Oversampling the minority class (e.g., SMOTE) to create synthetic responders.

Undersampling the majority class to balance, but carefully (don’t lose too much data).

Class weights

Logistic Regression allows class_weight='balanced' to penalize mistakes on minority class more heavily.

In practice, I’d try both SMOTE + class_weight.

 Step 3: Model Building

Train a Logistic Regression model with:

Regularization (L1/L2) to prevent overfitting.

Feature scaling applied to all numeric features.

class_weight='balanced' to handle imbalance.

 Step 4: Hyperparameter Tuning

Use GridSearchCV to tune:

C → Regularization strength.

penalty → L1 or L2.

solver → Choose depending on penalty (liblinear for L1, lbfgs for L2).

Use Stratified K-Fold Cross Validation (to preserve class ratios).

 Step 5: Evaluation Metrics

Since the dataset is imbalanced, accuracy is misleading.

Focus on:

Precision → Are predicted responders really responders? (important if contacting customers is costly).

Recall (Sensitivity) → Are we catching most responders? (important if missing responders means lost revenue).

F1 Score → Balance between precision and recall.

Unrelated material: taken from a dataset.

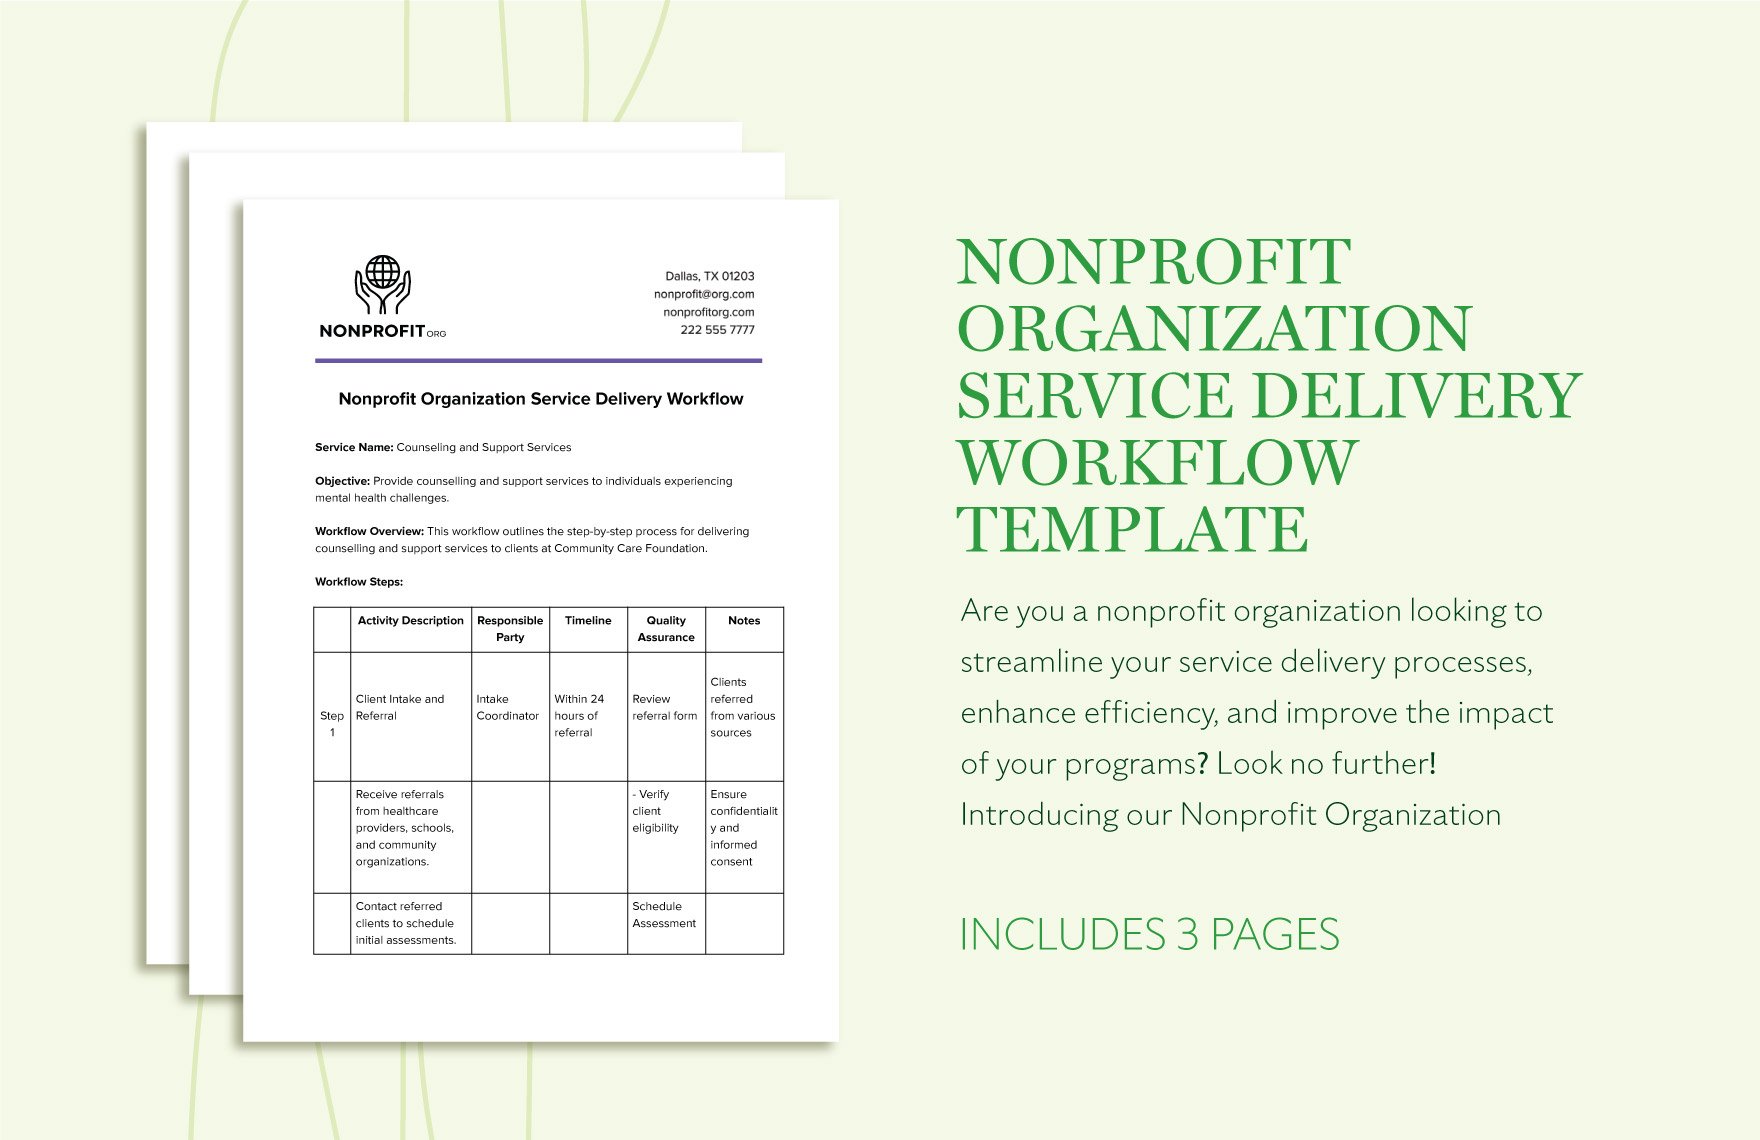 Nonprofit Organization Service Delivery Workflow Template in Word, Google Docs, PDF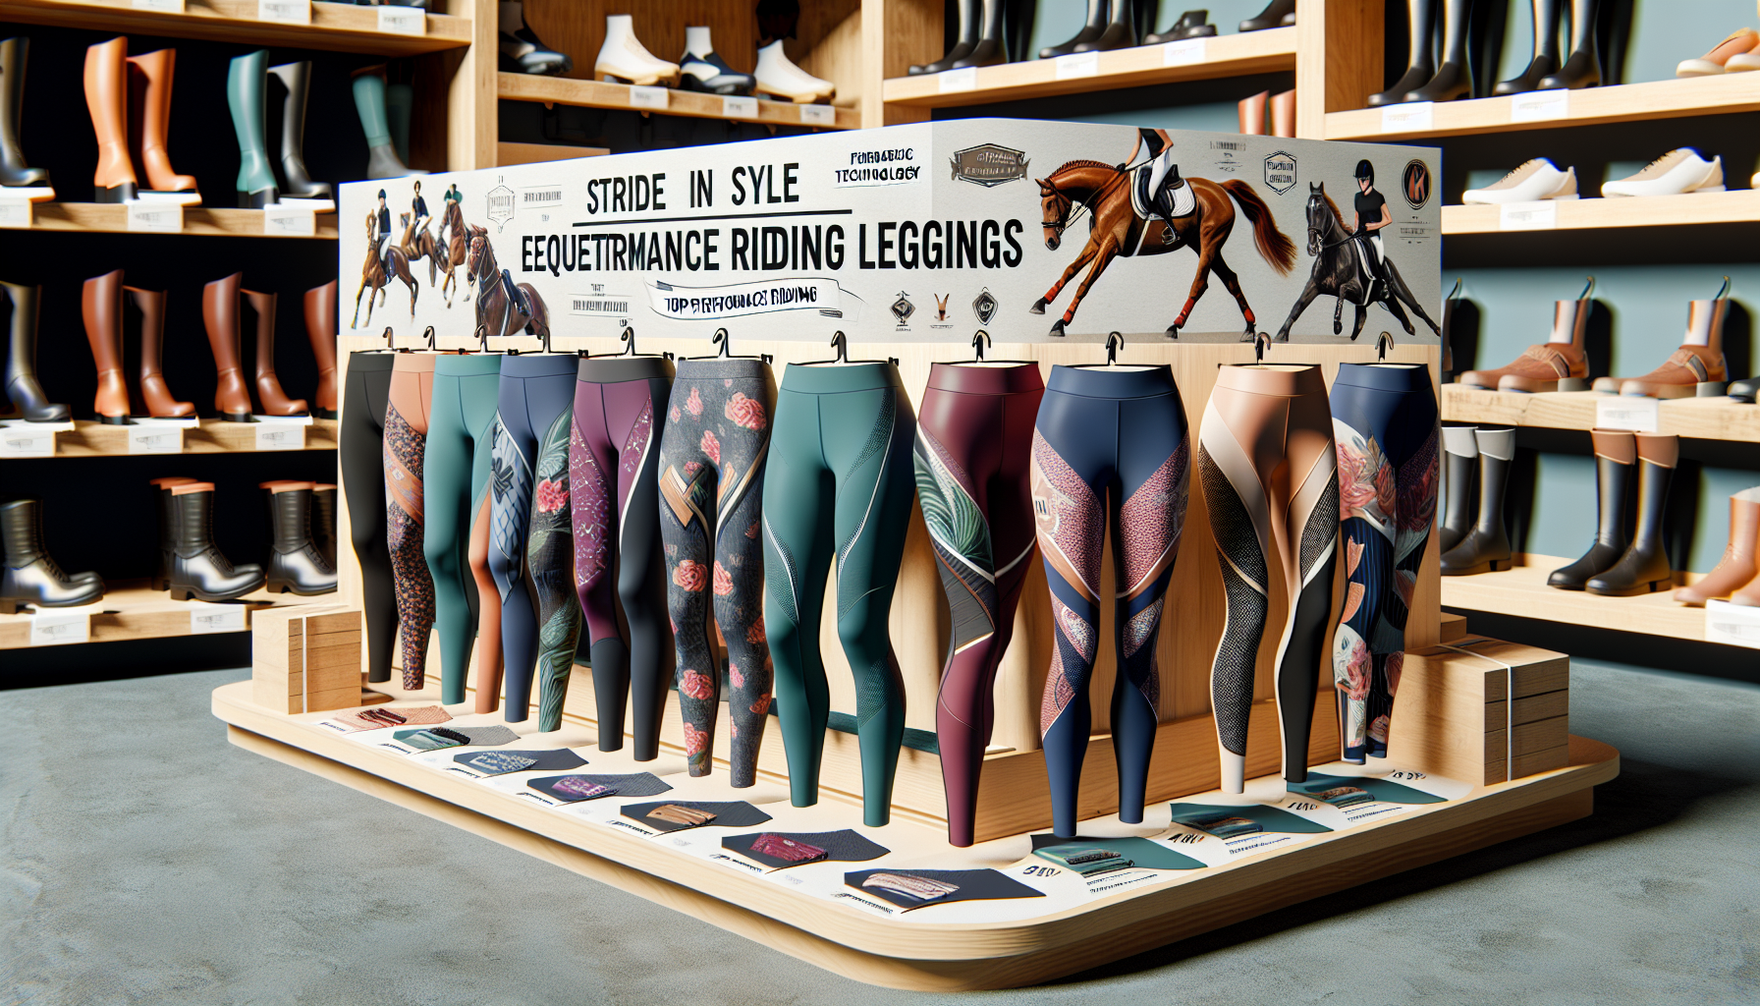 Visualize a store shelf showcasing an array of high-performance equestrian riding leggings. They are designed in vibrant hues, featuring advanced fabric technology for ideal comfort and stretch. They

ROC-AUC → Overall ability to distinguish responders vs. non-responders.

PR Curve (Precision-Recall) → More informative in imbalanced settings.

 Step 6: Business Integration

Use the predicted probabilities, not just classes.

Rank customers by probability of response.

The marketing team can target the top N% customers (budget-limited campaigns).

Example: If targeting top 10% yields 60% of all responders → campaign efficiency improves dramatically.